In past years I have reported the full total of the gifts I have made during the year to Centrelink, and have had my pension reduced in accordance with the excess amount over $30,000 for the previous five years.
This year, however, it occurred to me that I could possibly report only the gifting amount to Centrelink, in proportion to the income from it compared to my total income ( i.e. about 53 per cent). Can you advise if this is a legitimate approach to reporting my gifts to Centrelink?
Yes, gifts over $10,000 in any one year, or $30,000 over five years may be counted under Centrelink’s deprivation rules.
Deprivation may arise when a person disposes, destroys or diminishes the value of an asset or income without receiving adequate financial consideration. Under social security legislation, amounts exceeding the above amounts are treated as a deprived asset.
These assets are assessed for five years from the date of the relevant disposal and are subject to deeming during that time.
People get confused by this – you don’t lose age pension as a result, you receive the same amount as you would have if you still had the asset. What you do lose is the asset itself and any interest it would have earned.
Another way of looking at it is you can’t give away money to get a bigger age pension. You will still get the same age pension for five years.
You are correct in that these amounts are not indexed. The $30,000 limit over five years came in on July 1, 2002, and has never changed. You have to report all amounts that are gifted, regardless of what proportion to your income that represents.

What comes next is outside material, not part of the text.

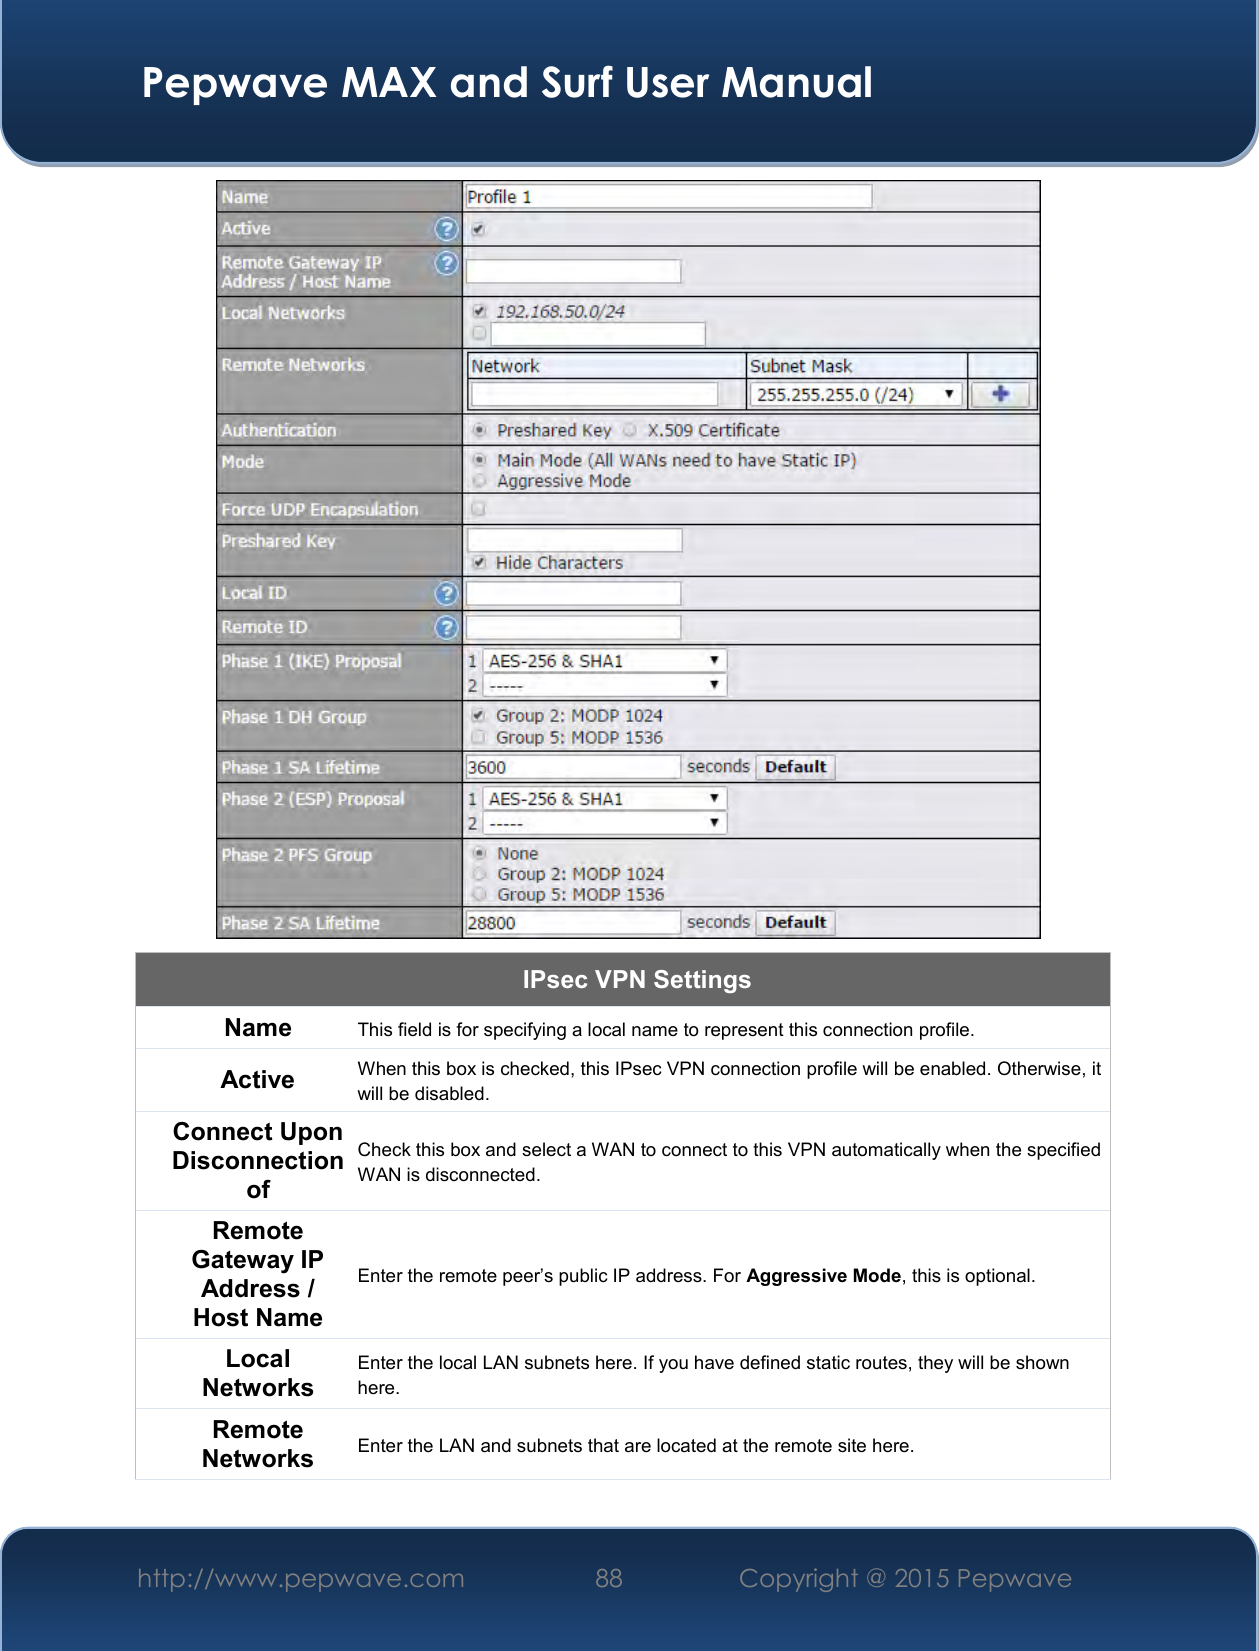  Pepwave MAX and Surf User Manual http://www.pepwave.com 88   Copyright @ 2015 Pepwave    IPsec VPN Settings Name This field is for specifying a local name to represent this connection profile.  Active When this box is checked, this IPsec VPN connection profile will be enabled. Otherwise, it will be disabled. Connect Upon Disconnection of Check this box and select a WAN to connect to this VPN automatically when the specified WAN is disconnected. Remote Gateway IP Address / Host Name Enter the remote peer’s public IP address. For Aggressive Mode, this is optional. Local Networks Enter the local LAN subnets here. If you have defined static routes, they will be shown here. Remote Networks  Enter the LAN and subnets that are located at the remote site here. 
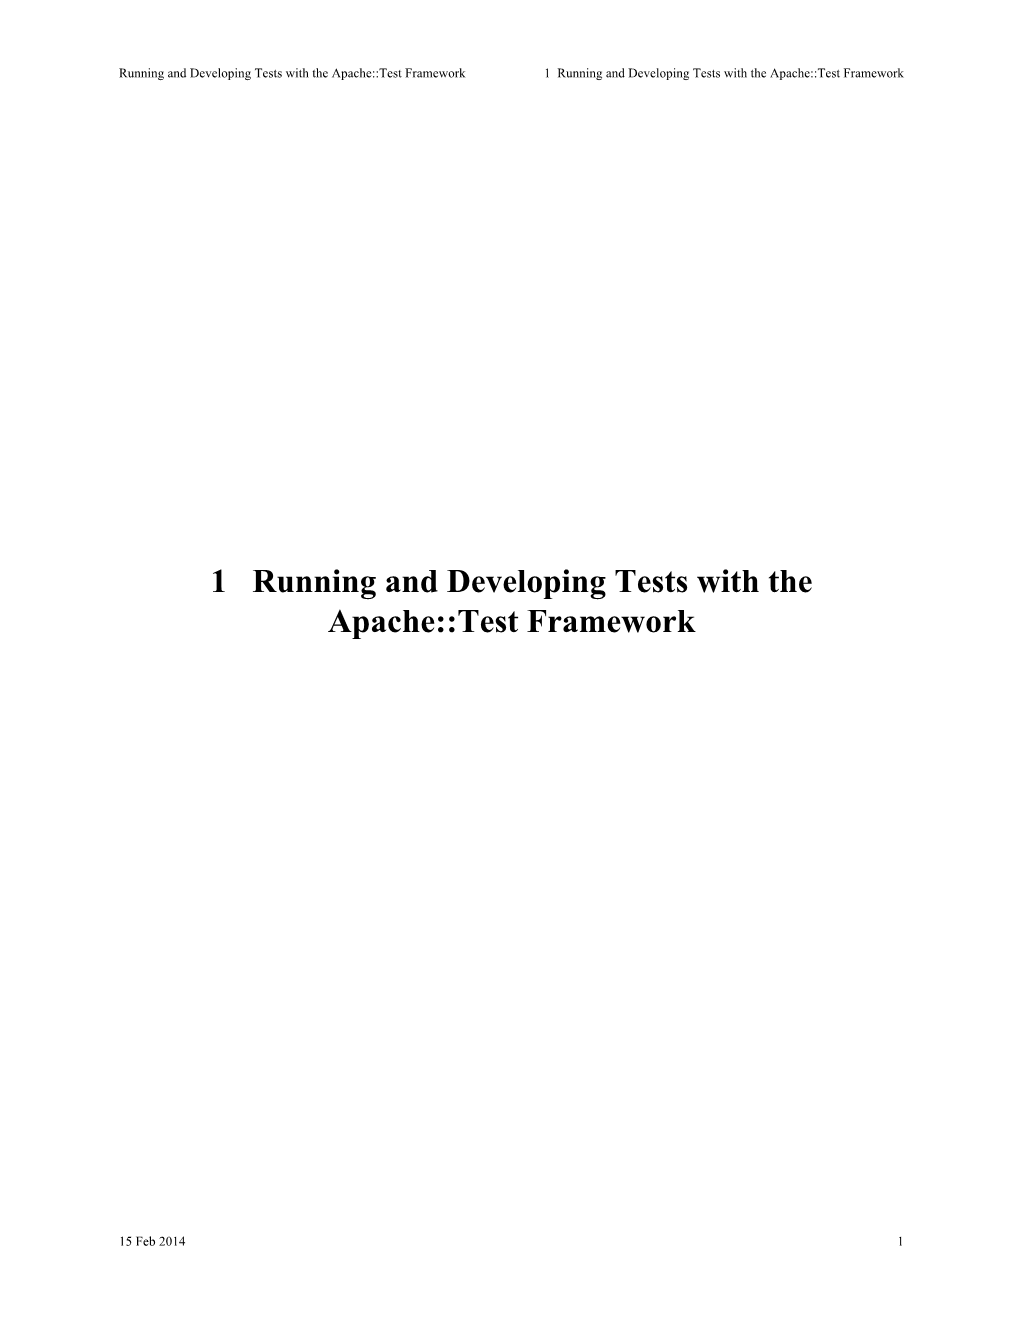 Test Framework 1 Running and Developing Tests with the Apache::Test Framework

Craig Sankey is a licensed financial adviser and head of Technical Services and Advice Enablement at Industry Fund Services.
Disclaimer: The responses provided are general in nature, and while they are prompted by the questions asked, they have been prepared without taking into consideration all your objectives, financial situation or needs.
Before relying on any of the information, please ensure that you consider the appropriateness of the information for your objectives, financial situation or needs. To the extent that it is permitted by law, no responsibility for errors or omissions is accepted by IFS and its representatives.